Connection refused errors from solr_server->solr_server (or other errors that we believe would not result in an error if executed on a different node) should result in failover behavior (re-request a different shard). It can be a local policy decision to not try that node again for a certain amount of time after so many of these errors. Zookeeper does not need to be updated with this info (but could be in the future).
Node failures should not always fail the distributed search. It should be configurable whether that aborts the search or returns with results from all non-failing nodes along with a list of the nodes that failed. In cases with huge document collections, a missing few percent of total documents may not be worth stopping the user's progress; yet you would want to know about the failure so you could indicate that the results are incomplete.
Zookeeper ephemeral znodes can be used to determine what servers are available for requests.

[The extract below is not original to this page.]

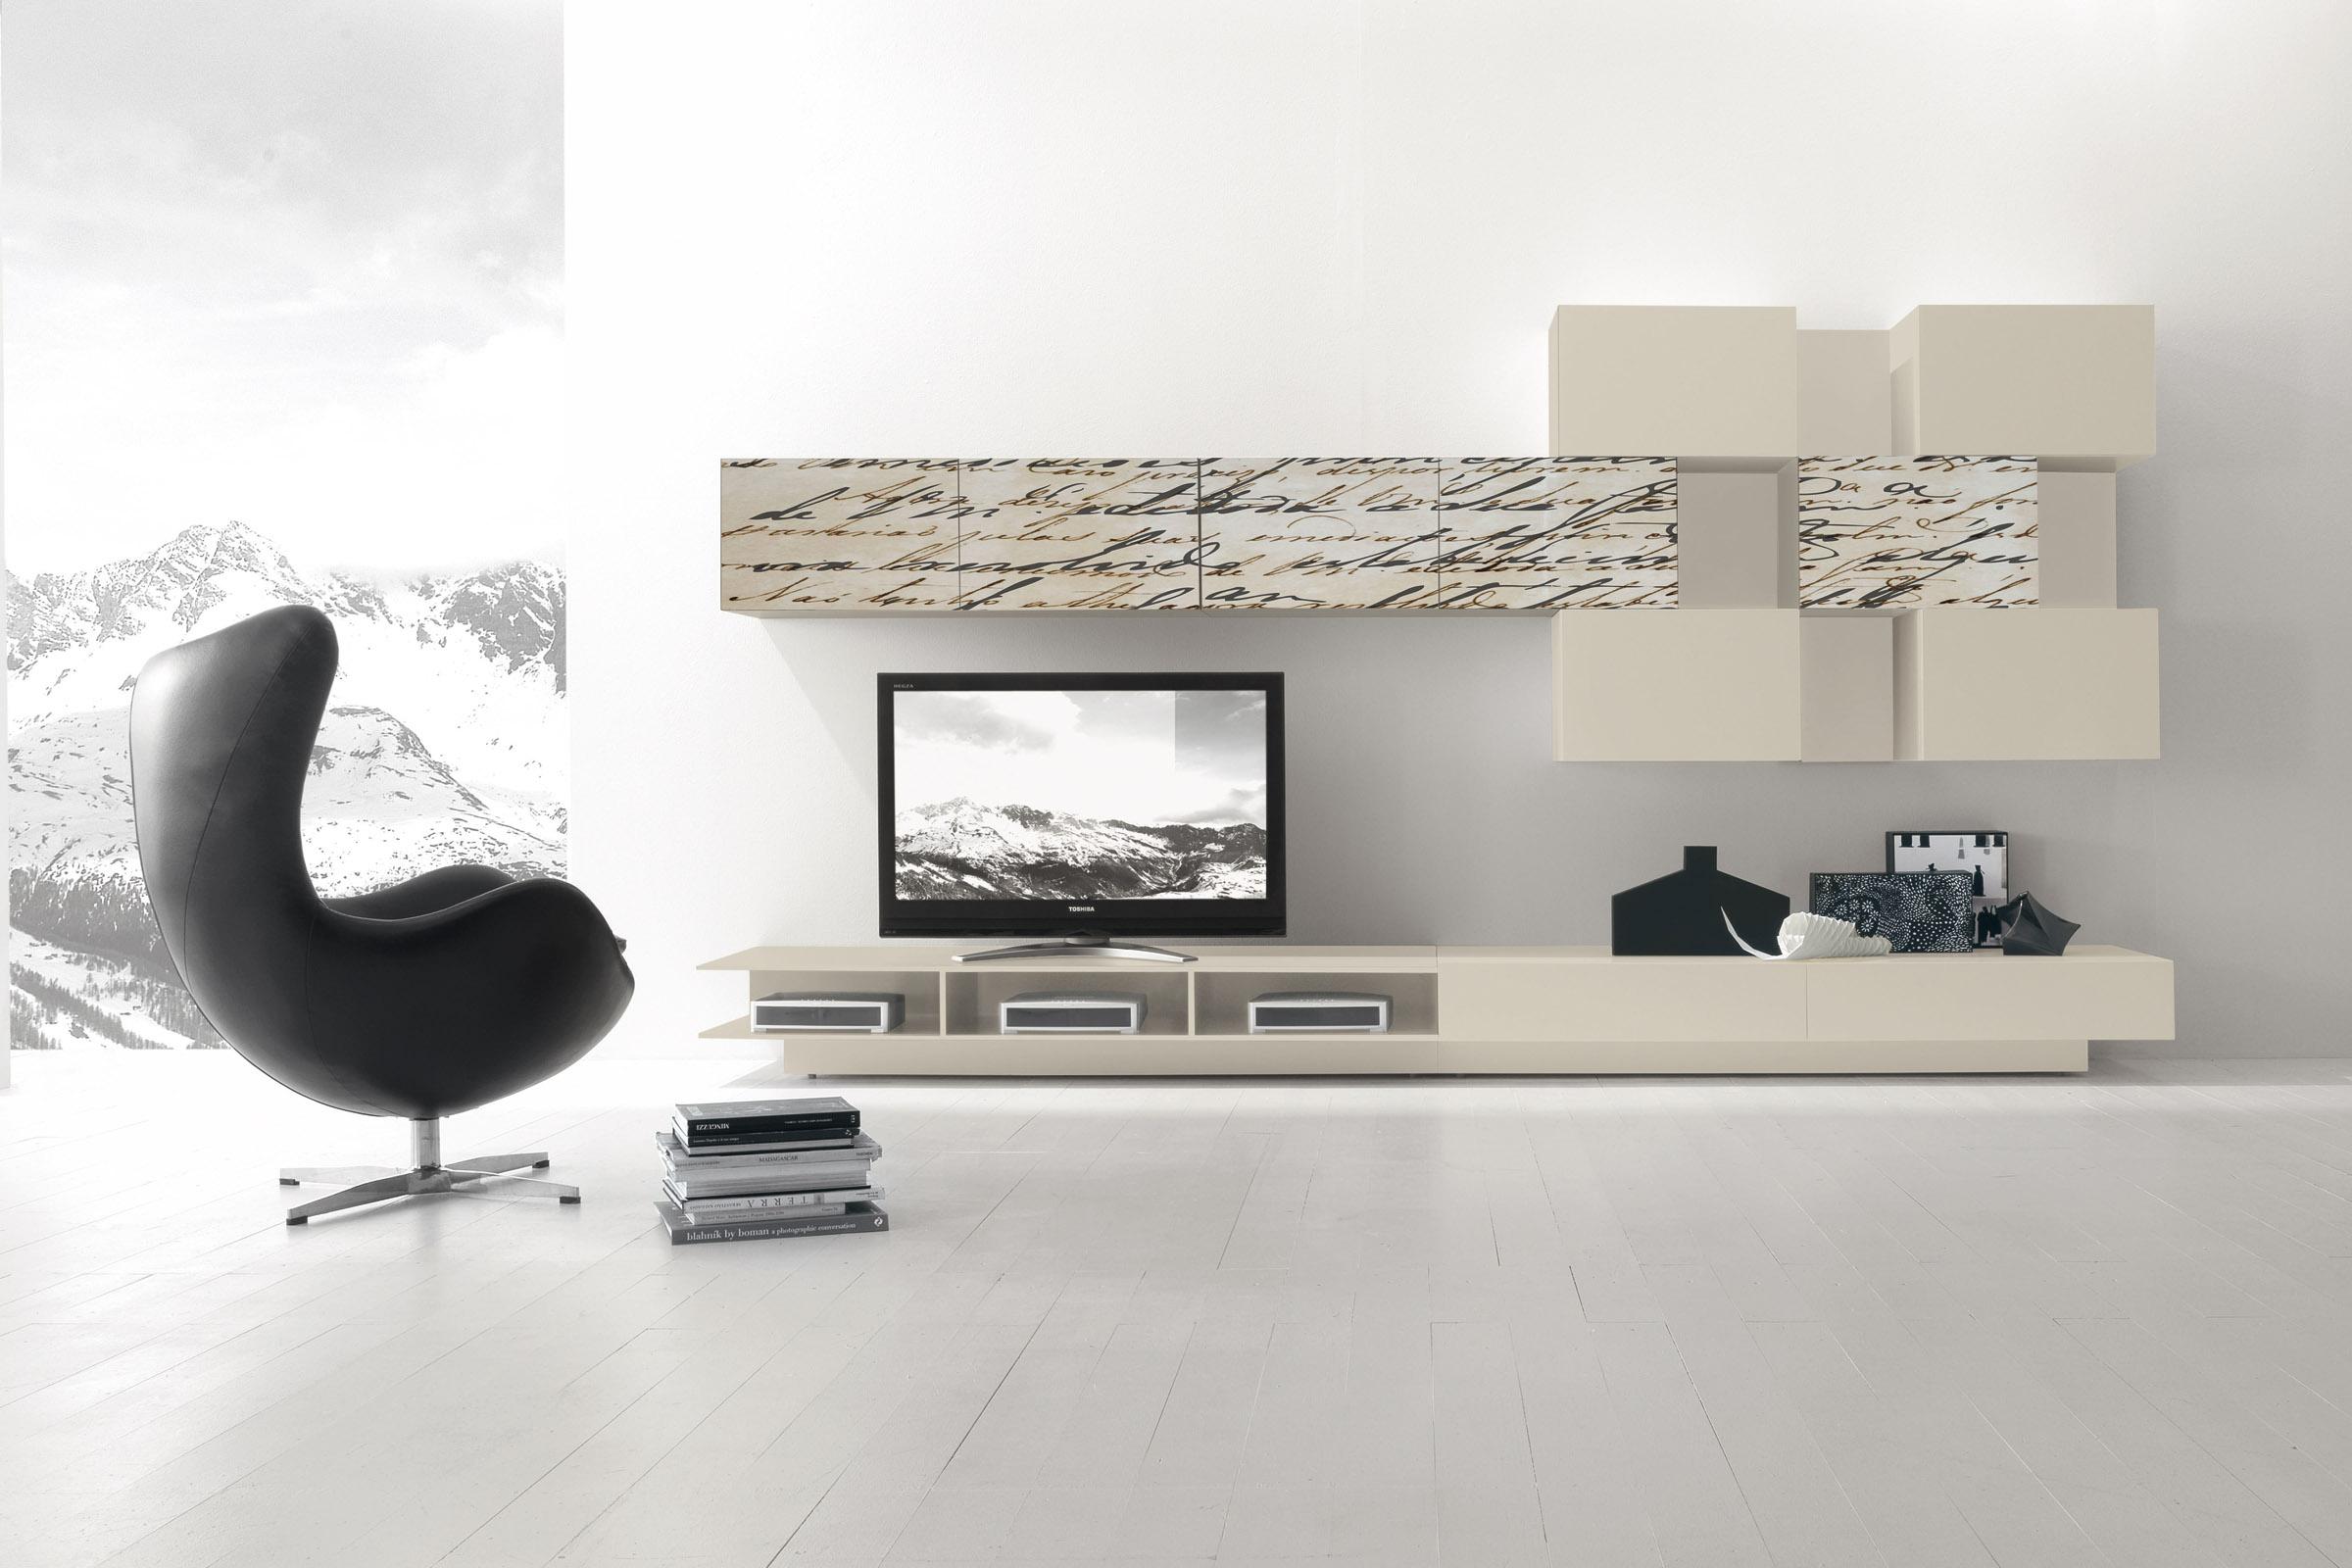 soggiorno moderno componibile presotto i modulart 6 - acquistabile ... - Colori Per Soggiorno Moderno 2

Q: if zookeeper dies and comes back up, does it come back with all the ephemeral nodes? If all the ephemeral nodes are deleted, we need to disregard and continue using our last internal model.
solr_server->solr_server requests may result in a timeout after "shard-socket-timeout". If a flag indicating partialResults is set, we should not retry a different shard. If a flag indicating partialResults is not set, we fail the request, or retry a different shard, depending on a new "retryOnTimeout" flag. After a configurable number of timeouts, where other shards did not timeout, we can mark the node as "slow" or "timedout" in zookeeper. A leader could optionally act on that information to remove the node or reallocate resources.